AM5726: memset to ddr monopolizes whole emif bandwidth

Rasty Slutsker

Expert 1830 points

Part Number: AM5726

Tool/software:

Hi,

Is it possible to set different quality of service (for EMIF/DDR) to per A15 core?

Or limit bursts per core?

Is the some example?

Thanks Rasty

8 months ago

0 Gokul Praveen 8 months ago

TI__Genius 13080 points

Hi Rasty,

I have assigned the question to the corresponding expert.He will get back to you.

Regards

Gokul

0 Josue Zamitiz-Ayala 8 months ago in reply to Gokul Praveen

TI__Mastermind 33435 points

Hello Rasty,

I think there is a mechanism in place to do this with our SoC but I do not believe we have any examples of execution.

See the following chapter in TRM:

15.3.4.15 Class of Service

The MFLAG feature which allows for MPU accesses to DDR to 1 for 1 with L3 Interconnect would likely give the A15's as much DDR B/W as required. MFLAG overrides COS.

Best,

Josue

0 Rasty Slutsker 8 months ago in reply to Josue Zamitiz-Ayala

Expert 1830 points

Hi Josue,

I found some document that explains some performance "knobs". I understood only first part that talks about bandwidth control, it did not do what I expected.
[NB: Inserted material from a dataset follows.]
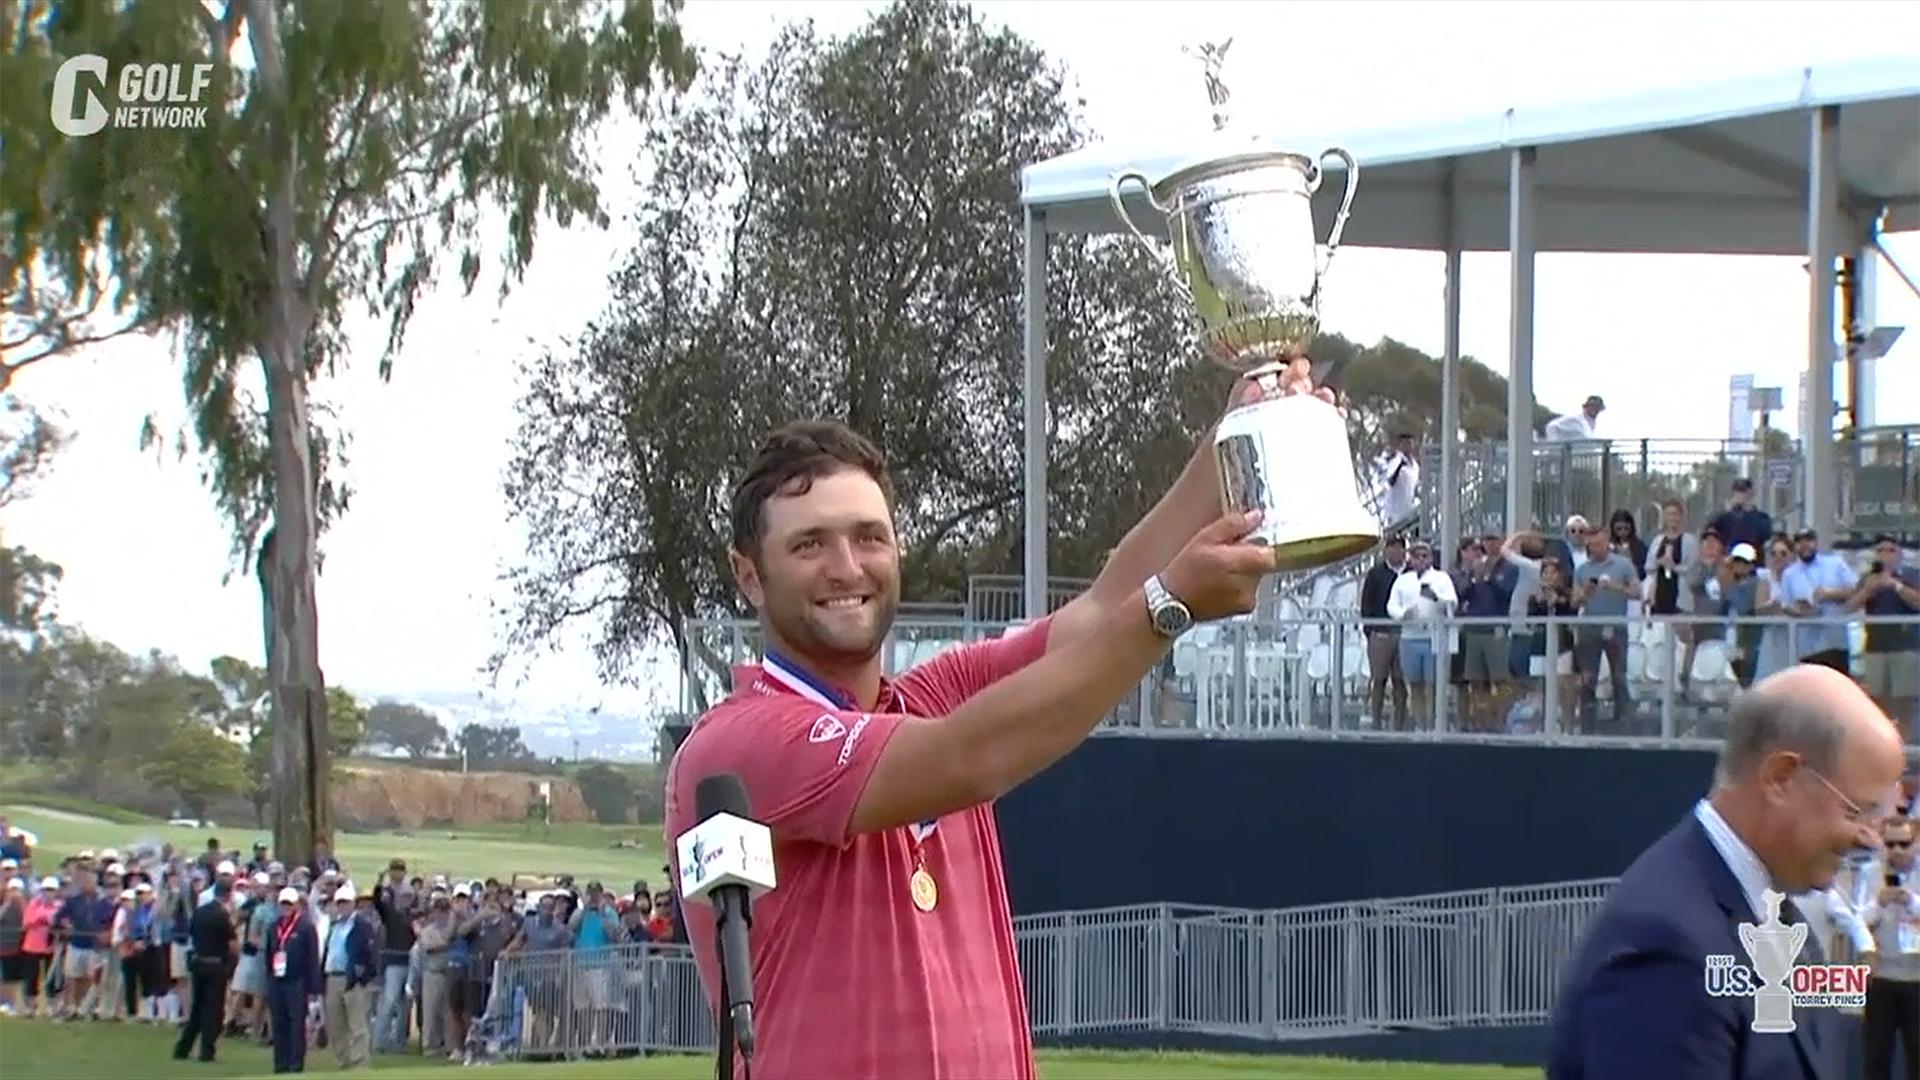 【全米オープン21】ジョン・ラームが全米オープンでメジャー初制覇 最終ラウンド

Seconds part is about COS, but it is just "copy paste" from sitara manual, without examples, no added value in this part of doc.

It seems that COS is what I need, but it talks about some "master ID", I did not find anything in Sitara manual that sounds like "master id" in context of COS .

My target is giving A15 core 1 priority over core 0 in access to DDR.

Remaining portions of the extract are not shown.